▶ **Supplied data**
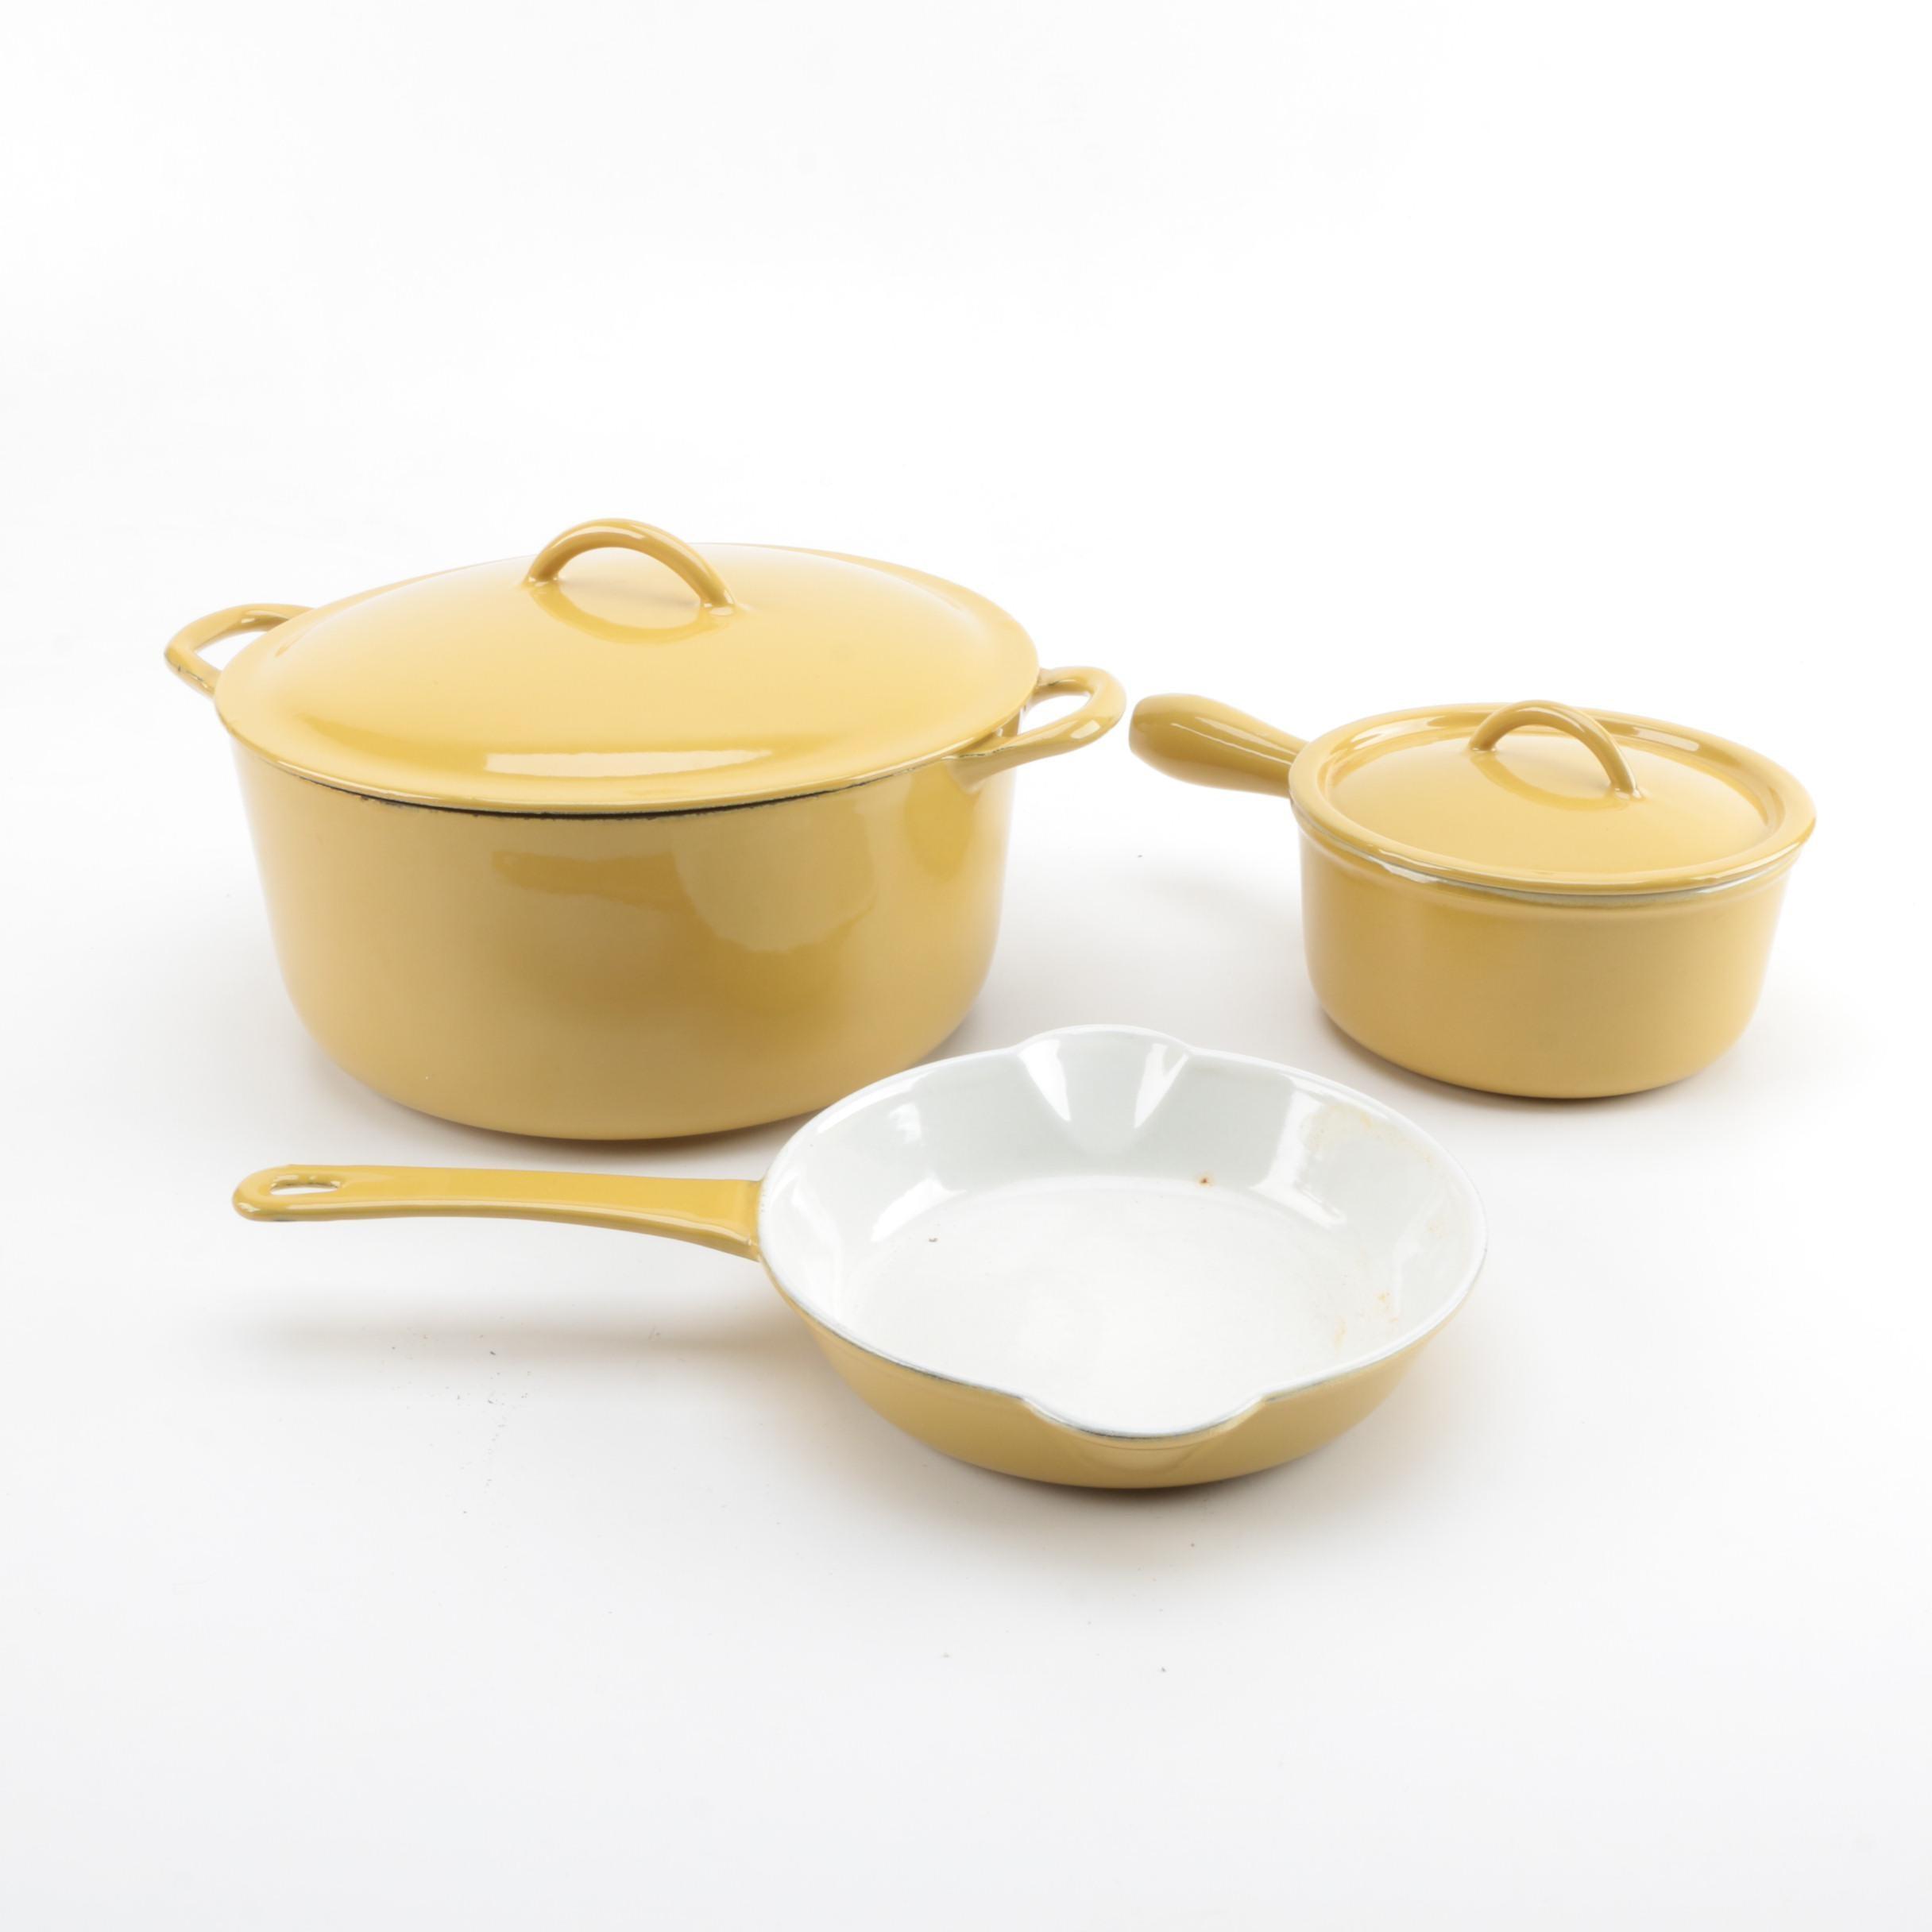 Vintage Descoware Cookware
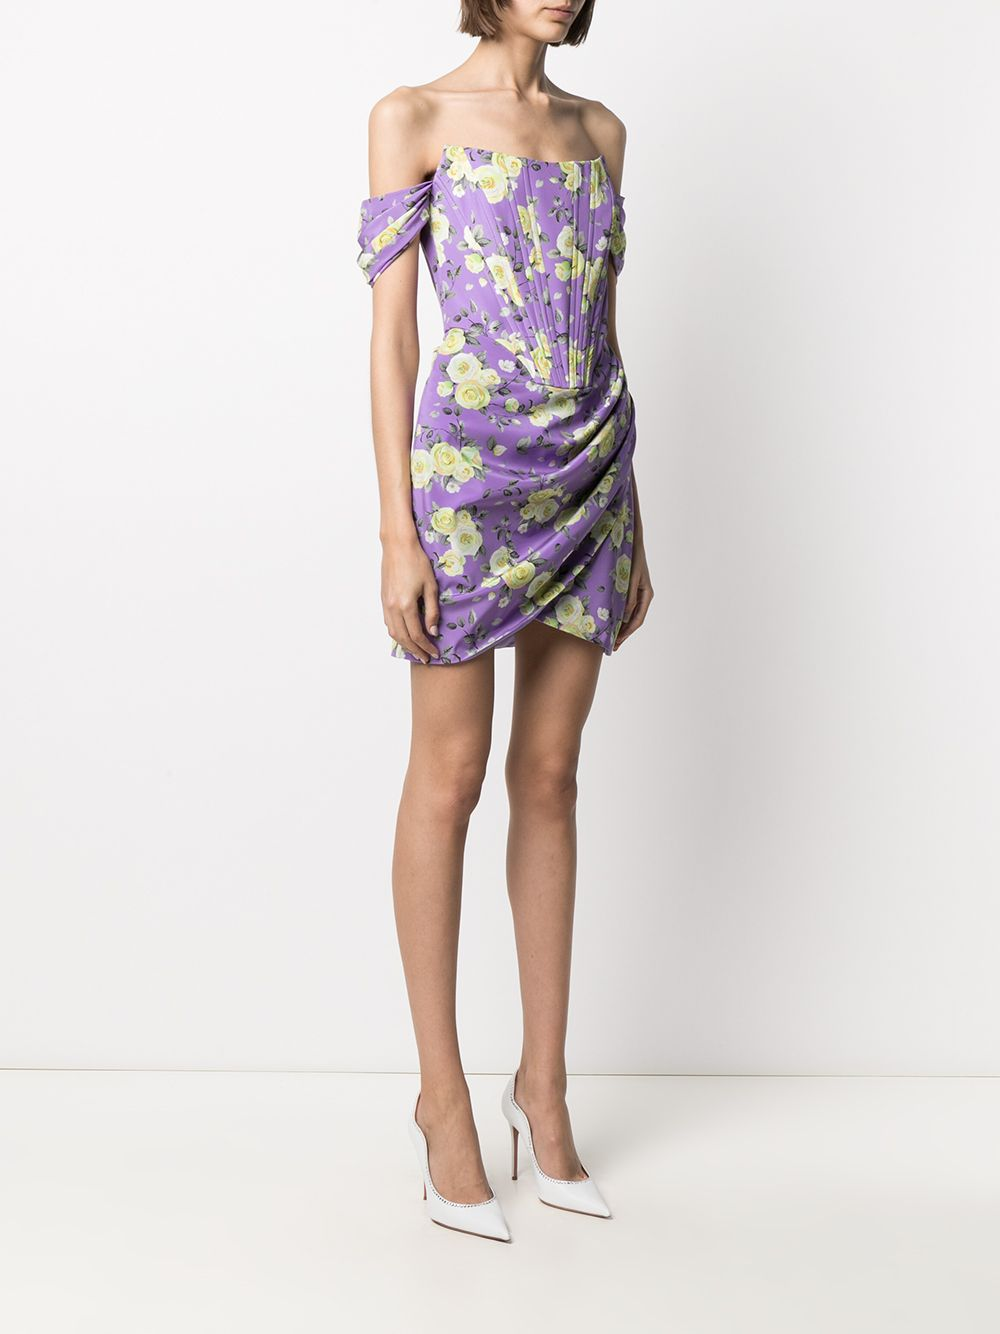 GIUSEPPE DI MORABITO | Dress | 177DR-127ST12-24
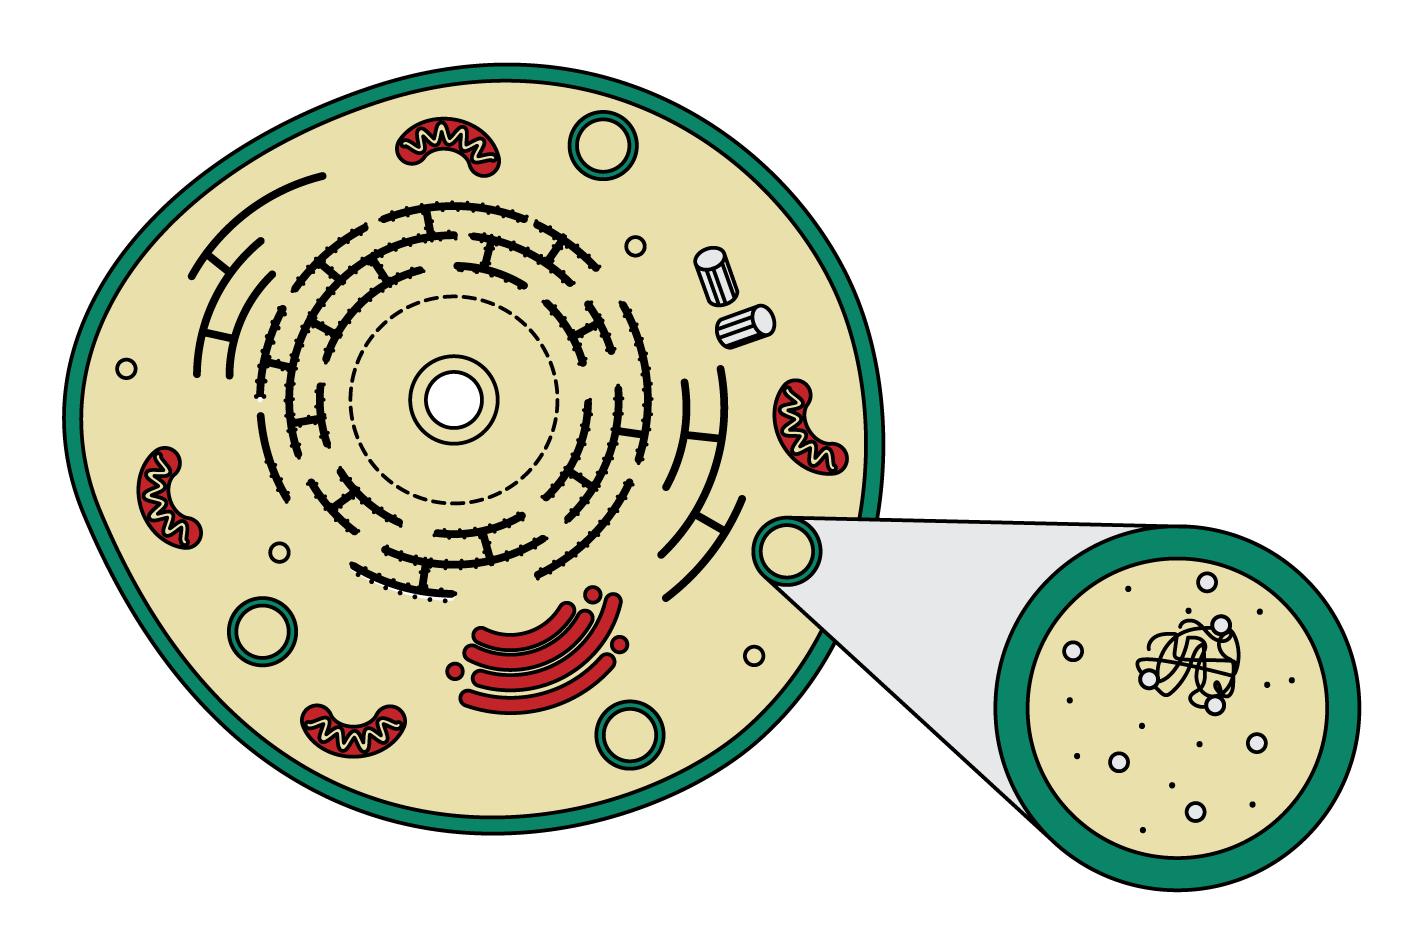 Figure 1: A visual representation of a Gaucher cell.

▶ **Task statement**
Would you return the whole listing exactly, without the pictures?

▶ **Exercise output**
 Vintage Descoware Cookware
 GIUSEPPE DI MORABITO | Dress | 177DR-127ST12-24
 Figure 1: A visual representation of a Gaucher cell.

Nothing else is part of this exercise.